Researchers are evaluating whether using the PAGODA algorithm to guide chemotherapy dosing can reduce unplanned delays during chemotherapy for cancers in the gastrointestinal system compared to usual care. This study focuses on patients receiving FOLFOX chemotherapy, a standard treatment for various gastrointestinal cancers including esophageal, stomach, colon, rectal, and others. The trial aims to compare the proportion of chemotherapy cycles with unplanned delays, as well as secondary measures like healthcare contact days, incidence of moderate-to-severe neutropenia, and relative dose intensity of chemotherapy drugs.
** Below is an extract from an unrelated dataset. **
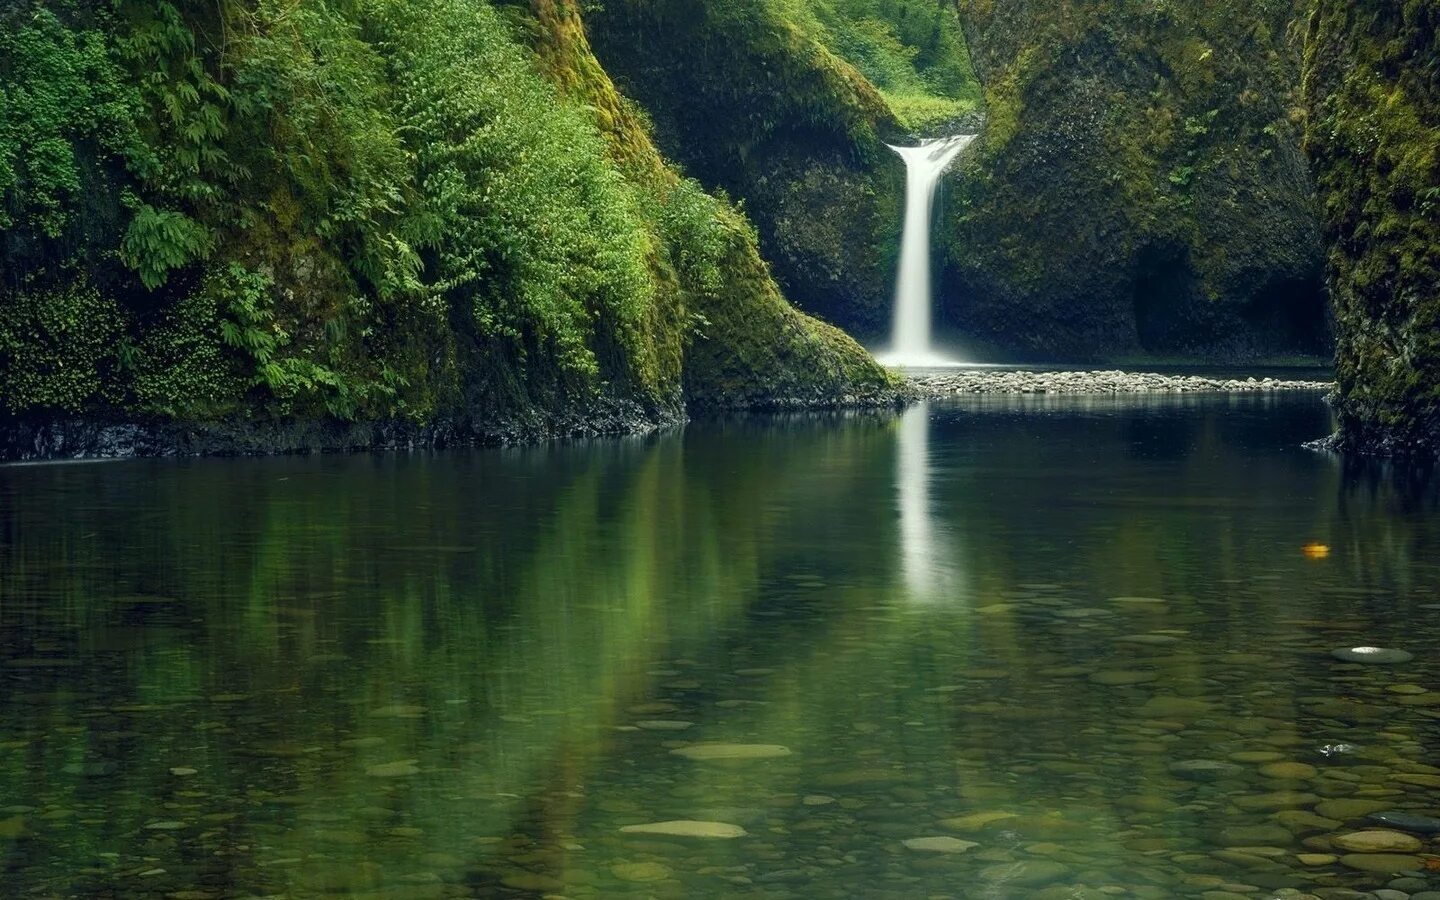 Обои на телефон река. Природа водопад озеро. Река с водопадом. Водный пейзаж. Красивые пейзажи с водой.

Participants are randomized into two groups. One group receives chemotherapy delays and dose changes based on the treating clinician's judgment during cycles 2 to 7 of FOLFOX chemotherapy. The other group receives dose modifications guided by the PAGODA algorithm, with final decisions by the clinician, during the same cycles. The chemotherapy drugs used include oxaliplatin, folinic acid, and fluorouracil, all given intravenously. The study is interventional and compares the algorithm-guided treatment to standard care. Throughout the trial, participants will be monitored for unplanned chemotherapy delays across cycles 2 to 7, with each cycle lasting 14 days. Researchers will also track healthcare contact days, neutrophil counts, and dose intensity of chemotherapy drugs. Safety and effectiveness measures will be assessed during the treatment period to understand how the PAGODA algorithm affects treatment delivery and patient outcomes.